To allay confusion, I'm going to inline "pigruby.rb" and explain how it works.
{code}
require 'PigUdf'
Helloworld=PigUdf.evalfunc("word:chararray") do
"Hello, world"
end
{code}
First off, it's important to require 'PigUdf' so ruby can work it's magic. In
order to facilitate easy Udf definitions, you can declare functions in this
way. You cannot have a schema which refers to a function, however, and the Udf
name MUST begin with a capital letter.
{code}
Complex=PigUdf.evalfunc("word:chararray,num:long") do |word|
[word.to_s,word.length]
end
{code}
Conveniently, you can ask for as many parameters as you like. Varargs aren't
supported yet, and it's not super high on the list but if you want it, let me
know.
{code}
Divbythree=PigUdf.filterfunc do |num|
num%3==0
end
{code}
Much like an evalfunc, you can easy make a filterfunc.
{code}
class Myudfs < PigUdf
outputSchema "val:long"
def cumsum num
@x||=0
@x+=num
end
outputSchemaFunction :squareSchema
def square num
return num**2
end
def squareSchema input
return input
end
filterFunc
def divbytwo input
input%2==0
end
end
{code}
For more complicated udfs, declaring a class that extends PigUdf is the way to
go. In order to declare a UDF, you have to declare it's schema. There are two
options: outputSchema "schema" will set that schema for the next function you
define, and register it as a udf. or you can do outputSchema :funcname,
"schema" to register funcname as a udf and schema as it's schema. If your
function has a schema dependent on the input, then you can use
outputSchemaFunction :funcname, and the next defined function will be
registered as a udf with funcname as it's schema function. Or as above, you can
do outputSchemaFunction :functoregister, :funcname. If you do filterFunc, the
next function is a filterFunc.
{code}
class COUNT < AlgPigUdf
outputSchema "val:long"
class Initial
def exec item
1
end
end
class Intermed
def exec items
items.flatten.inject(:+)
end
end
class Final < Intermed
end
end
{code}
This is the algebraic interface. The class name will be the UDF name in Pig.

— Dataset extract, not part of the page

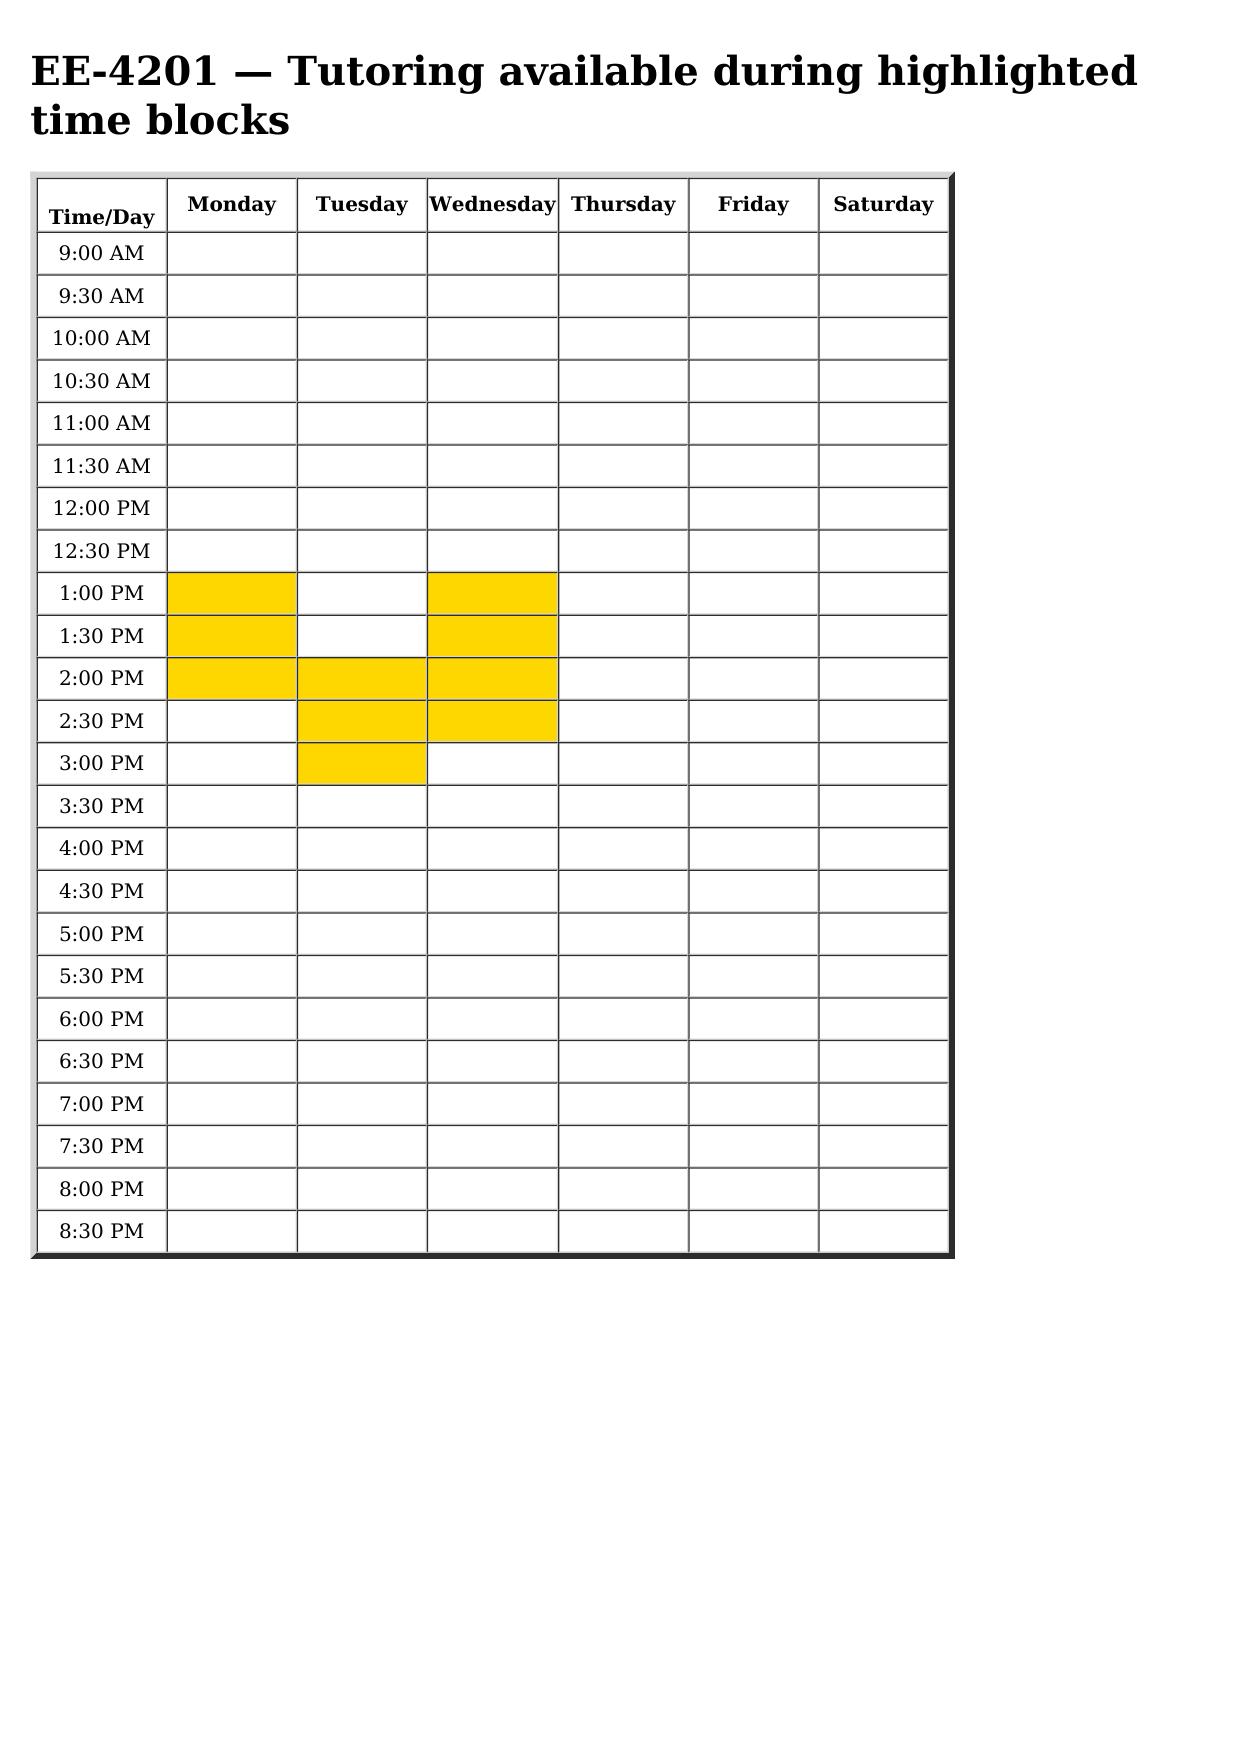 ee 4201 schedule
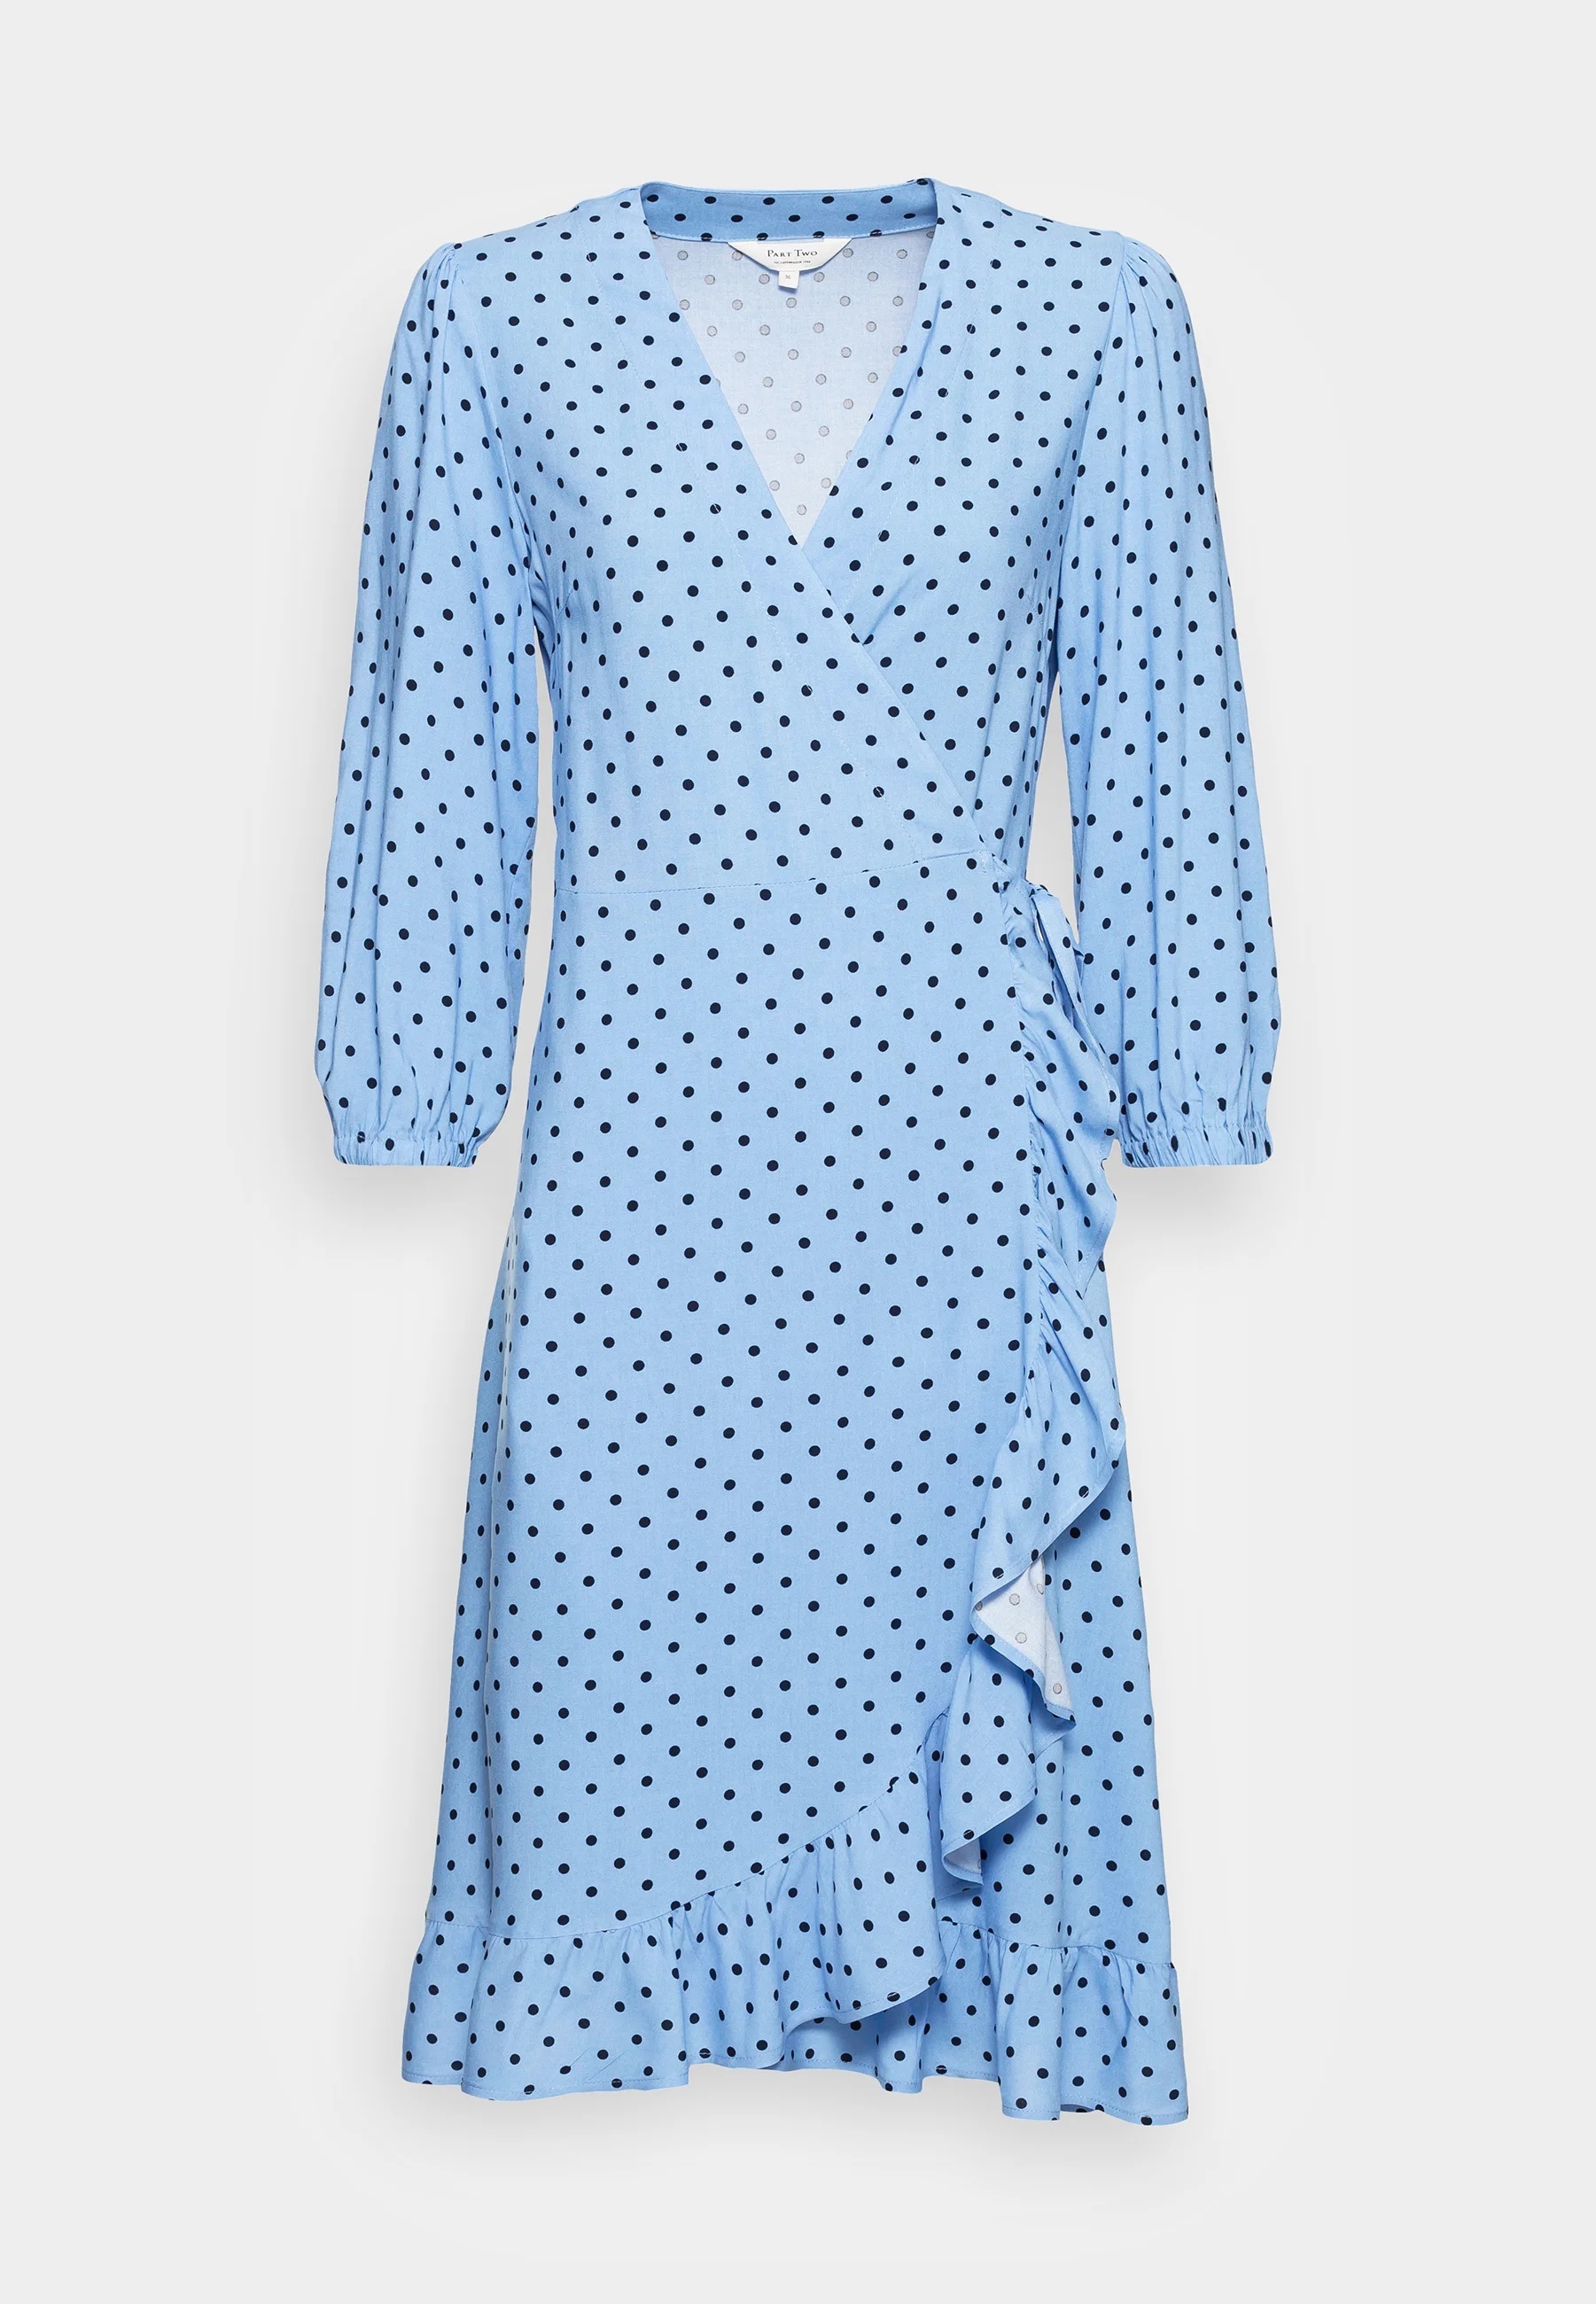 Vestido azul de lunares. Claires, de venta en Zalando (99,95 euros).

Initial's exec function will be passed one item at a time. You do not have to
deal with the tuple that contains a bag that contains a tuple that contains an
item madness.
Intermed's exec function will be passed a "databag" that contains "tuples,"
which means it will be a list of lists of items (which is why I flatten items
before summing). you return the item, and it will be put in a tuple for you.
Final's exec function will do the exact same thing as Intermed, and the output
just won't be wrapped in a TUple. this is why in the examples, it just extends
Intermed.
{code}
class SUM < AlgPigUdf
outputSchema "val:long"
class Initial
def exec item
item
end
end
class Intermed
def exec items
items.flatten.inject(:+)
end
end
class Final < Intermed
end
end
{code}
This example works exactly like the above, except it sums the values, and not
the rows.
{code}
class WORDCOUNT < AlgPigUdf
outputSchema "val:long"
class Initial
def exec item
item ? item.split.length : 0
end
end
class Intermed
def exec items
items.flatten.inject(:+)
end
end
class Final < Intermed
end
end
{code}
Of course, what would any example be without a word count example.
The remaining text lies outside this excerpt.